【问题标题】：Scrapy: Same Xpath for different fieldsScrapy：不同字段的相同 Xpath
【发布时间】：2021-08-30 06:57:12
【问题描述】：

我正在尝试使用 scrapy 从www.galaxus.ch 抓取不同类别的产品。为了呈现 HTML，我使用了 Splash 和 Lua 脚本。要阅读我使用熊猫的 excel 文件。到目前为止，我的脚本运行良好。这是我的代码_

read_excel

import pandas as pd

def read_xlsx():
    df = pd.read_excel('externe_festplatte.xlsx')
    return df['Gtin'].dropna().astype('int64').tolist()

蜘蛛

import scrapy
from scrapy_splash import SplashRequest
from galaxus.spiders.read_files import read_xlsx


base_url = "https://www.galaxus.ch/search?q={}"

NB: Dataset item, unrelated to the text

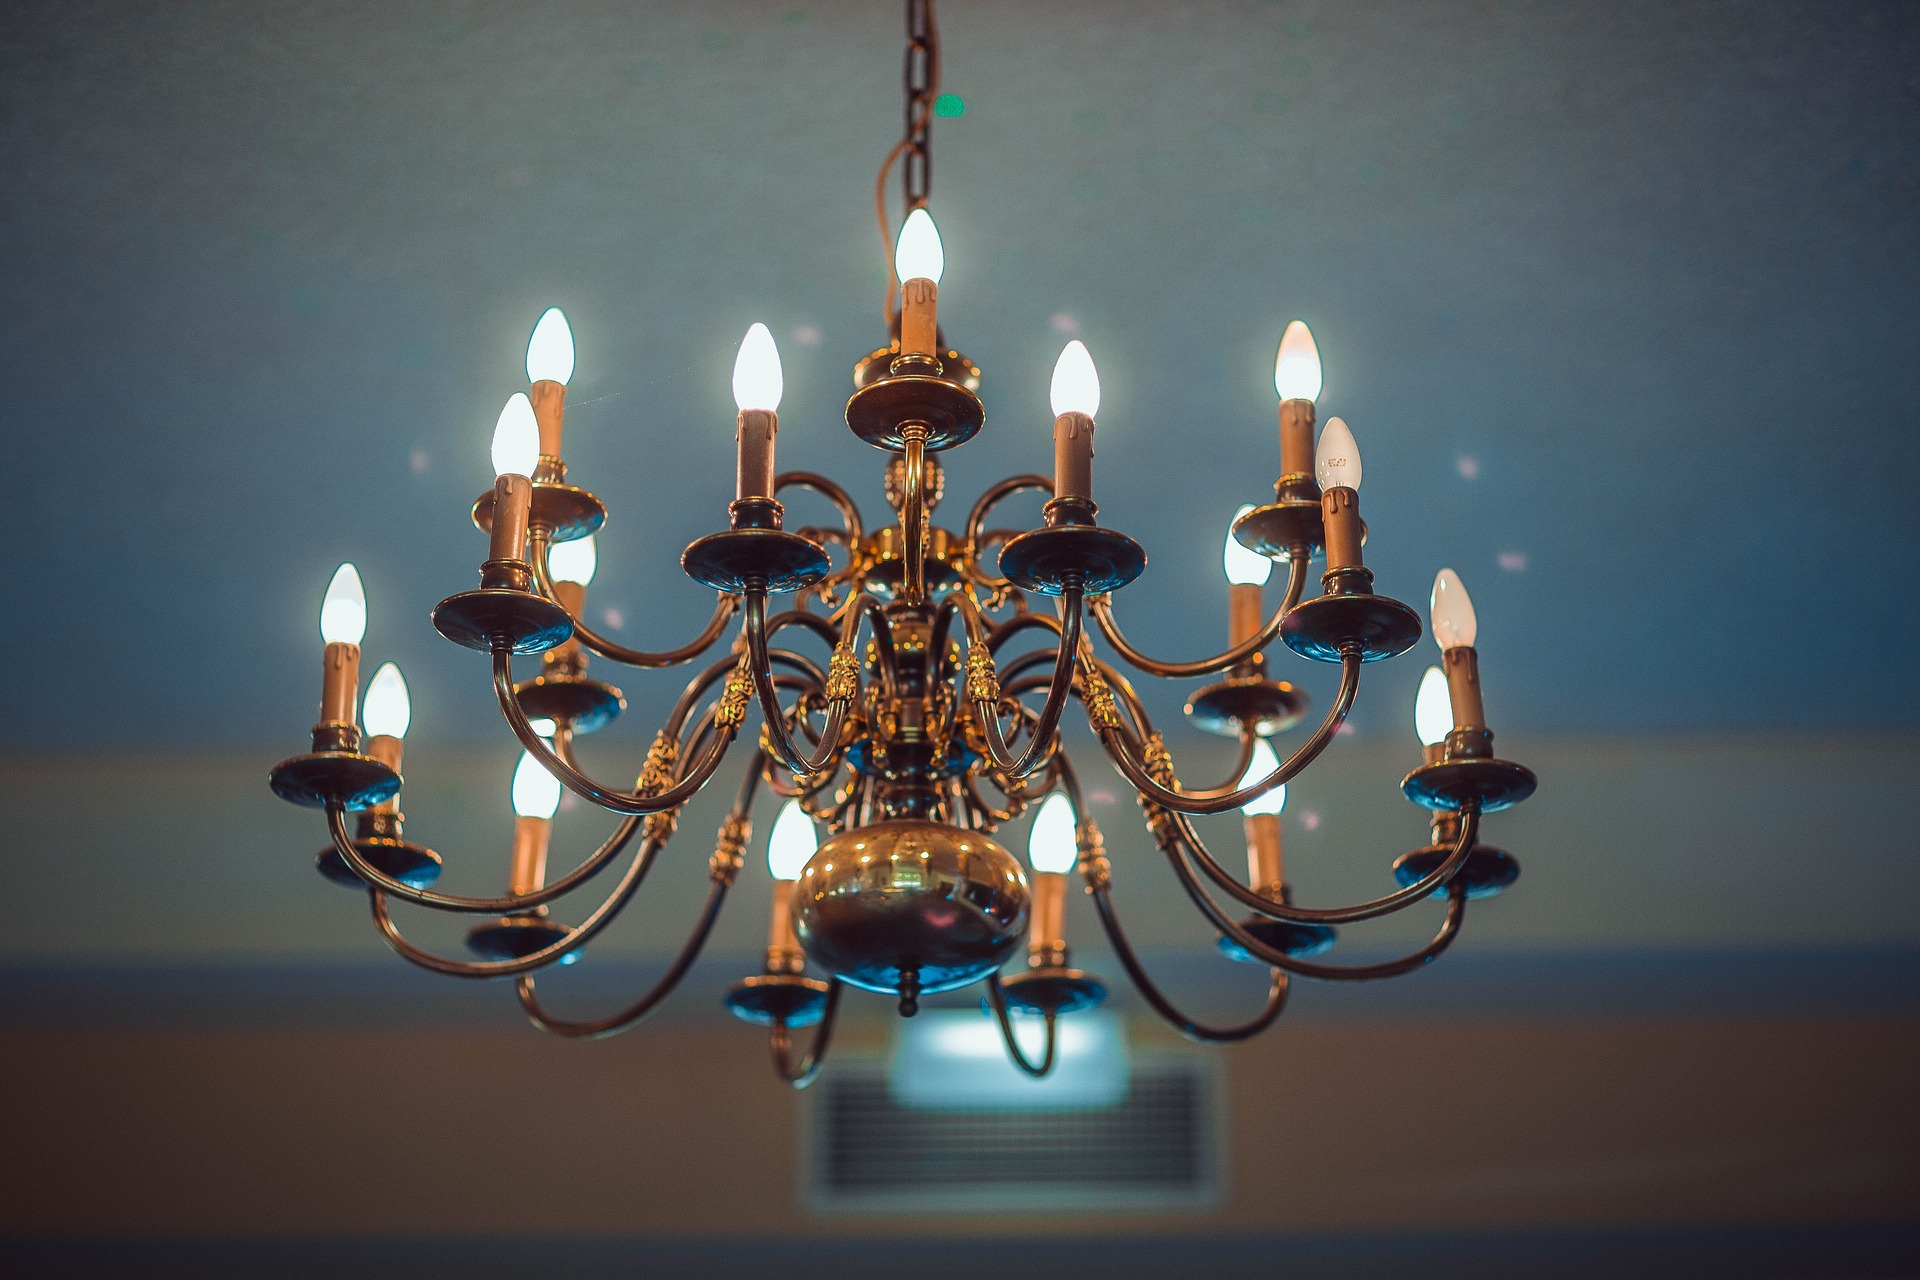 Kronleuchter Led Lampen ~ Die prächtigste lampe der welt der kronleuchter
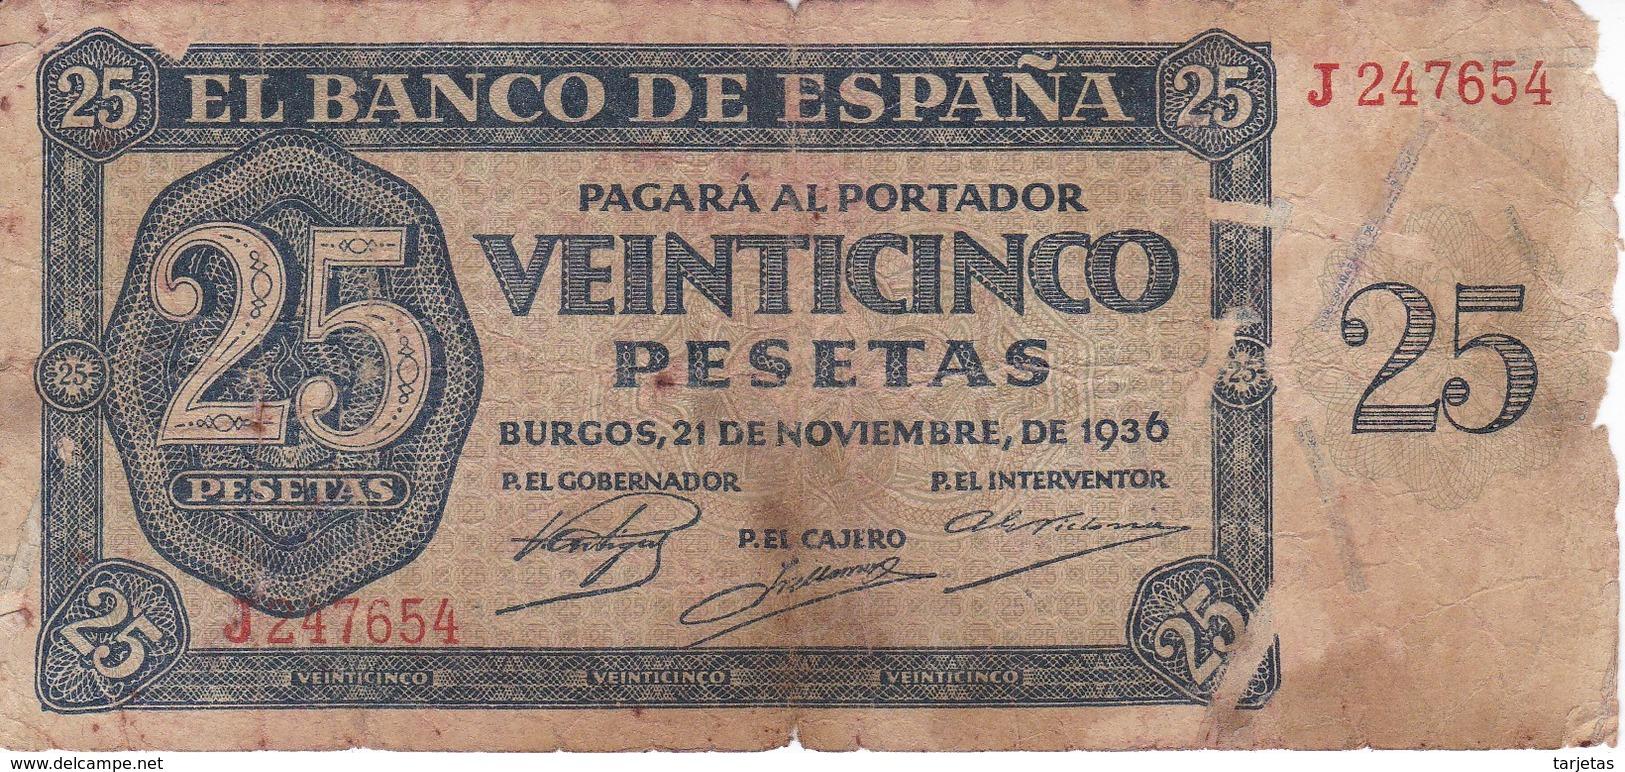 BILLETE DE ESPAÑA DE 25 PTAS DEL 21/11/1936 SERIE J CALIDAD  RC (BANKNOTE) - 25 Pesetas

class GtinSpider(scrapy.Spider):
    name = 'gtin'
    allowed_domains = ['www.galaxus.ch']

    script = '''
        function main(splash, args)
            splash:set_user_agent("Mozilla/5.0 (Windows NT 10.0; Win64; x64) AppleWebKit/537.36 (KHTML, like Gecko) Chrome/90.0.4430.212 Safari/537.36")
            splash.private_mode_enabled = false
            assert(splash:go(args.url))
            assert(splash:wait(5))
            
            item_select = assert(splash:select("div.panelLayout_mainContainer__11Jh_"))
            item_select:mouse_click()
            assert(splash:wait(5))
            
            see_more = assert(splash:select("[data-test='showMoreButton-specifications'] span"))
            see_more:mouse_click()
            assert(splash:wait(5))
            
            
            splash:set_viewport_full()
            return splash:html()
        end
    '''

    def start_requests(self):
        for value in read_xlsx():
            yield SplashRequest(
            url=base_url.format(value),
            callback=self.parse, endpoint='execute', args={
            'lua_source': self.script
        }
        )

    def parse(self, response):
        yield{
        'Titel': response.xpath(".//span[@class='jqo5ci-1 goteOY']/text()").get(),
        'Untertitel': response.xpath(".//span[@class='jqo5ci-2 beeFWi']/text()").get(),
        'Beschreibung': response.xpath("//div[@class='sc-1op7ol6-0 hYPLAr']/span/text()").get(),
        'Kategorie': response.xpath("(.//div[@class='breadcrumbView_withIcon__3mWwP']/a)[4]/text()").get(),
        'Produktetyp': response.xpath(".//span[@class='yip624-0 dpAcNY']/text()").get(),
        'Hersteller': response.xpath(".//h1[@class='jqo5ci-0 czhxQj']/strong/text()").get()
       }

问题是，如果我还想从同一页面中抓取 Spezifikationen/ Specification 字段，则每个产品类别都不同，但具有相同的 Xpath //td[@class='sc-18g78bs-4 sxRfA']。示例：

对于这两个产品类别，在 Spezifikationen 字段中，它们具有具有不同字段名称的相同 Xpath。对于 SSD，它是“Formfaktor”，对于 RAM，它是“Arbeitsspeichertyp”，但两者的 Xpath 是相同的。如何解决这个问题？我也想把结果导出到同一个excel文件中。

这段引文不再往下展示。